Tai Chi does much more than create a relaxed state of body and mind – a growing body of research supports that its combination of gentle and adaptable exercise, breath awareness, and focus offers a host of benefits for improved mental and physical health. Tai Chi can help reduce stress and anxiety, alleviate depression, curb our cravings, and alter our perception of pain. But you’re hesitant to jump in, concerned that incorporating Tai Chi into your clinical practice will be too time intensive, too complicated to learn, and too difficult to introduce to your clients.
Stop worrying and start moving! In this unique and experiential recording, you’ll quickly learn the basic skills of Tai Chi and discover how to incorporate it into your treatment plans for depression, anxiety, stress, addictive cravings, and chronic pain. And you won’t be spending your day in a chair! This recording will get you up and moving while you learn.
No previous knowledge or background in Tai Chi is required to take full advantage of this recording. You will receive detailed instruction on the practice of specific Tai Chi postures and movements, as well as strategies to introduce them to your clients so they can get started right away. Your instructor will connect the dots between the practices of Tai Chi, meditation, and Cognitive Behavioral Therapy and demonstrate the techniques most appropriate for the disorders you see in clients each day.
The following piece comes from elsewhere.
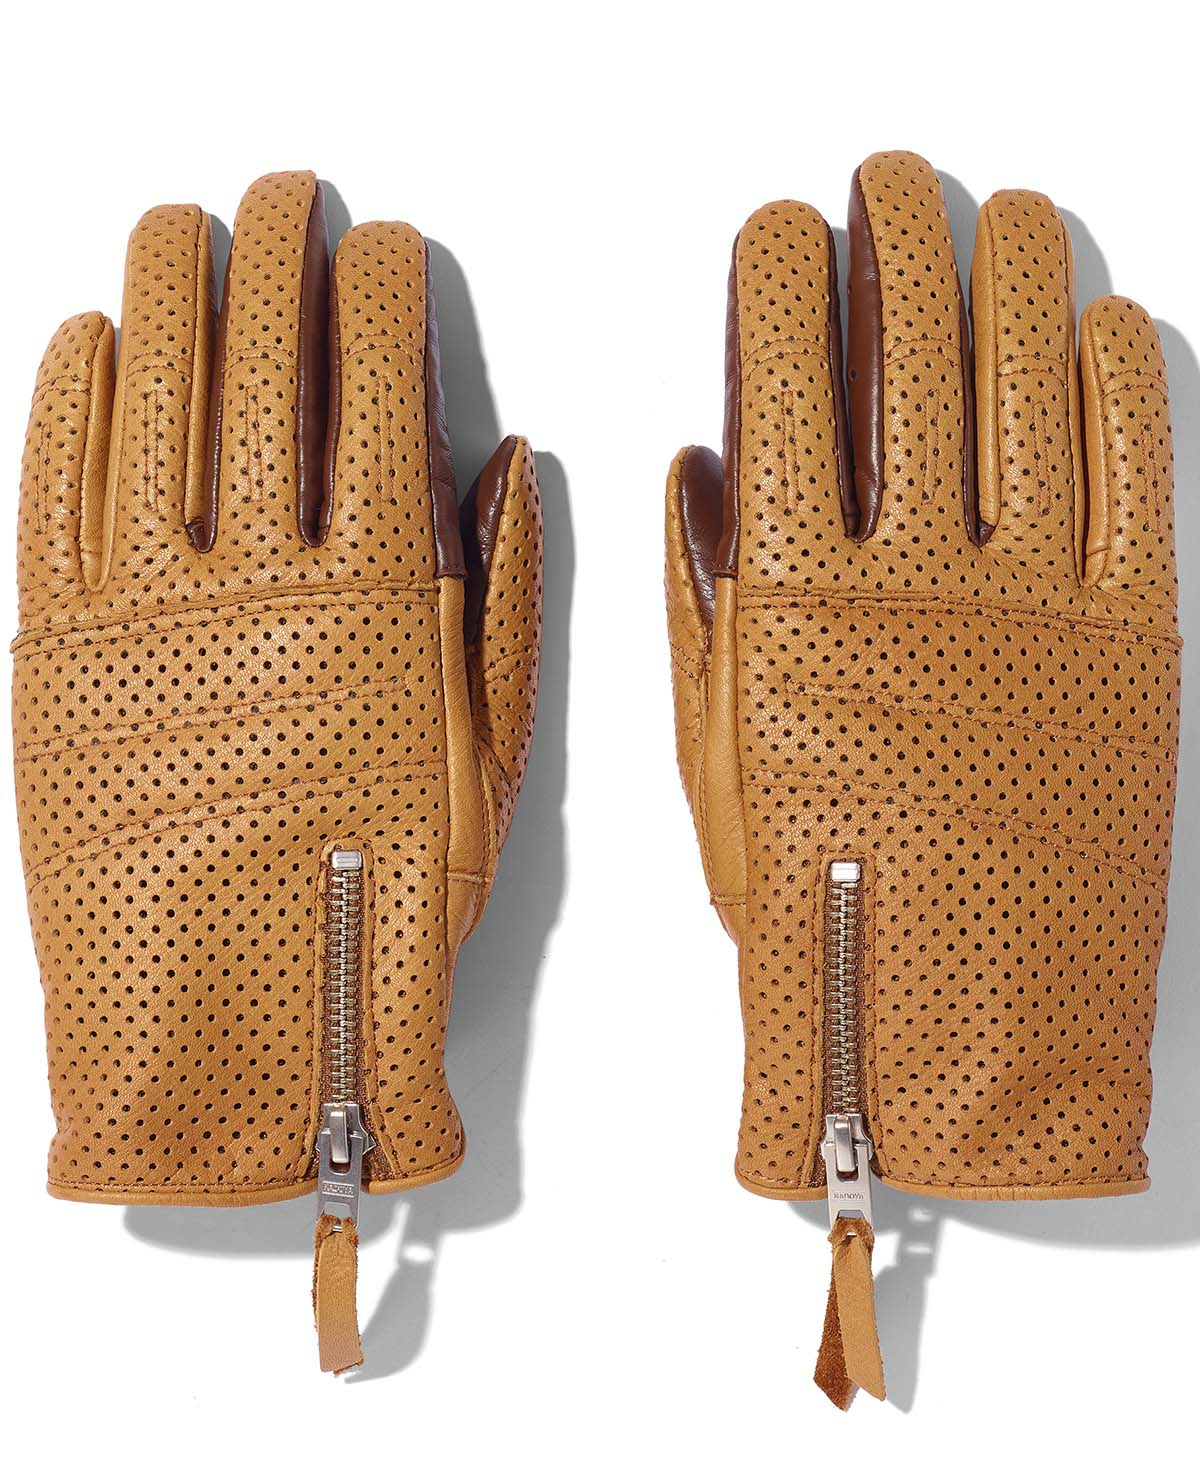 Rox Glove -pl / Brown

Discover how you can use Tai Chi to add fun and energy to your sessions, engage your clients, and focus them on the path to healing and change.
Key benefits of watching:
- Step-by-step instruction on the basic postures and movements of Tai Chi
- 4 easy ways to use Tai Chi to relieve symptoms of depression.
- Powerful techniques to anchor attention and reduce stress with meditative movement.
- Effective methods to combine Tai Chi with CBT to disengage clients from the automatic thoughts and triggers that fuel their addictions.
- Guided exercises that are adaptable for clients of all ages and stages of health.
Featuring demonstrations and guided experiential exercises, this seminar will have you feeling confident and prepared to bring Tai Chi into your clinical practice. Better still, you’ll be wholly engaged in what you learn during the recording and finish feeling more relaxed, more attentive, and more energetic!
- Analyze research on Tai Chi’s impact on depression and anxiety and articulate what this means for its use in clinical practice.
- Model the postures and movements of Tai Chi to guide clients in a moving meditation practice.
- Establish the role of the Vagus nerve in reducing anxiety and communicate how Tai Chi can be used in-session to stimulate it.
- Incorporate Tai Chi movements with meditation techniques to anchor the attention of stressed clients.
- Articulate how Tai Chi can be individualized for physically limited clients and communicate how these modifications can promote more effective participation in therapy.
- Characterize how clinical tools that increase self-awareness can be used in therapy to help clients better manage their thoughts, emotions, and behaviors.
Would you like to receive Elizabeth Nyang – Integrate Tai Chi into Your Clinical Practice, Rejuvenate Your Treatment ?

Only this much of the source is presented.